Your task>
Tally the lines in the entries where the string "Twitter" appears, and write only the total.

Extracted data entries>
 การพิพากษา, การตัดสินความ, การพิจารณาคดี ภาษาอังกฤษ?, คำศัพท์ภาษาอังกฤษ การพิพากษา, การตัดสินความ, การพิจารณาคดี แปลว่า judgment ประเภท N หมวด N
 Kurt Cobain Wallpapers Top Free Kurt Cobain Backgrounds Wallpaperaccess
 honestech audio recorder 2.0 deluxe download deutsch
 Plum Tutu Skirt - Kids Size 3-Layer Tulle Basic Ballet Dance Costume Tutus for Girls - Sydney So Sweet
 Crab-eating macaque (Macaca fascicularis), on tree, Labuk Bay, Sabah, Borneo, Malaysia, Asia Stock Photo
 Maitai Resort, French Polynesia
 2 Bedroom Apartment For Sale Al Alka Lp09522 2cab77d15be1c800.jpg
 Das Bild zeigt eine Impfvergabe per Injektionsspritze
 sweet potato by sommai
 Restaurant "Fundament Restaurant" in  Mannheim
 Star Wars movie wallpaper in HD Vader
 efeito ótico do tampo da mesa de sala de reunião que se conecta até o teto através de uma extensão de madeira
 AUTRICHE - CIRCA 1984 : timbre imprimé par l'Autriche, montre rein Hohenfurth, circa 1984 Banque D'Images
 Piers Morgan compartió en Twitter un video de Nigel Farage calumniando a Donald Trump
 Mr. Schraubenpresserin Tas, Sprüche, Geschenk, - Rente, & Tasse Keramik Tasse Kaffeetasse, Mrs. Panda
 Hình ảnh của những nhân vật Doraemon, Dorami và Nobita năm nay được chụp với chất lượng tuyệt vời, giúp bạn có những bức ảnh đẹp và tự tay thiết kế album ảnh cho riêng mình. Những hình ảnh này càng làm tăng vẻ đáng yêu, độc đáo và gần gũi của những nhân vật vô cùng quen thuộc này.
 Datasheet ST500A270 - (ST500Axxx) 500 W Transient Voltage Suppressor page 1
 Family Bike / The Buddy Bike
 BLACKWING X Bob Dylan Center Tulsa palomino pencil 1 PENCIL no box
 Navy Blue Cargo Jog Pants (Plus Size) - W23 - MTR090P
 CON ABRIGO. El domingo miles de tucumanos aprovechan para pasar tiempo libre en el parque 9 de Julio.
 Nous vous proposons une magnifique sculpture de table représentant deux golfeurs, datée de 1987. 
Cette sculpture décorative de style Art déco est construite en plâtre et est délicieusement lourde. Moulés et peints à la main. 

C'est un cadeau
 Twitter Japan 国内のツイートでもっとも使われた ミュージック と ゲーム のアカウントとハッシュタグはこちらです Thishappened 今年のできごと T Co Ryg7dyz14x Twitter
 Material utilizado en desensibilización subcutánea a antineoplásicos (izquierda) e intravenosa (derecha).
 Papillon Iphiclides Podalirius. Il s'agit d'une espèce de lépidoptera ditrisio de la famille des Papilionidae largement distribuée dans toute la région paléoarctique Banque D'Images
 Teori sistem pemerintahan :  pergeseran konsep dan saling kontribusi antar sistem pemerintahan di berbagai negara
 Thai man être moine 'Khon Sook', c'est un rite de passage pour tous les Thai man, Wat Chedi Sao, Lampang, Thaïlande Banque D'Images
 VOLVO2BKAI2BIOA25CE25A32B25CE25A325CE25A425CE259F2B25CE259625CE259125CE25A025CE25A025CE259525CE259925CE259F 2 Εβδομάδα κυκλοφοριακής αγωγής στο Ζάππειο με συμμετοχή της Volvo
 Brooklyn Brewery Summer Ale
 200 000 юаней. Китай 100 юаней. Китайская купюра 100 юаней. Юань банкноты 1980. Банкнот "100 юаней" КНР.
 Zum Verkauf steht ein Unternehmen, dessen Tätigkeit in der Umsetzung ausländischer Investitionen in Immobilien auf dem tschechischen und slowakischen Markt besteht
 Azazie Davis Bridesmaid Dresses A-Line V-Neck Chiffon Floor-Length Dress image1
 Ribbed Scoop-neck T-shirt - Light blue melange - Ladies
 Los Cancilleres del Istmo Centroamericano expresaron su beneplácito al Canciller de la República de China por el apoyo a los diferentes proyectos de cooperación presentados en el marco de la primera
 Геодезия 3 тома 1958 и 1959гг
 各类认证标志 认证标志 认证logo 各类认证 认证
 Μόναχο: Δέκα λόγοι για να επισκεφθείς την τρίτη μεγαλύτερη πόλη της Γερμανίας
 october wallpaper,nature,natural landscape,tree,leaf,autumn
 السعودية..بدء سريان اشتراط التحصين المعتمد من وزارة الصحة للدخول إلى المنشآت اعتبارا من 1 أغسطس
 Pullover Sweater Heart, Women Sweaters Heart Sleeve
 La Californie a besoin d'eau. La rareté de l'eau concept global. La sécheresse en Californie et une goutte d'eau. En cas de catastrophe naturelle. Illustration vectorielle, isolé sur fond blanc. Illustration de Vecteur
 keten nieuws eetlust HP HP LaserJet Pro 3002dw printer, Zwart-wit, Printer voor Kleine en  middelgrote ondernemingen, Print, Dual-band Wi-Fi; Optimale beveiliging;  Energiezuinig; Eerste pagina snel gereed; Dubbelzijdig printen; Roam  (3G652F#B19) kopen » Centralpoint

Exercise answer>
2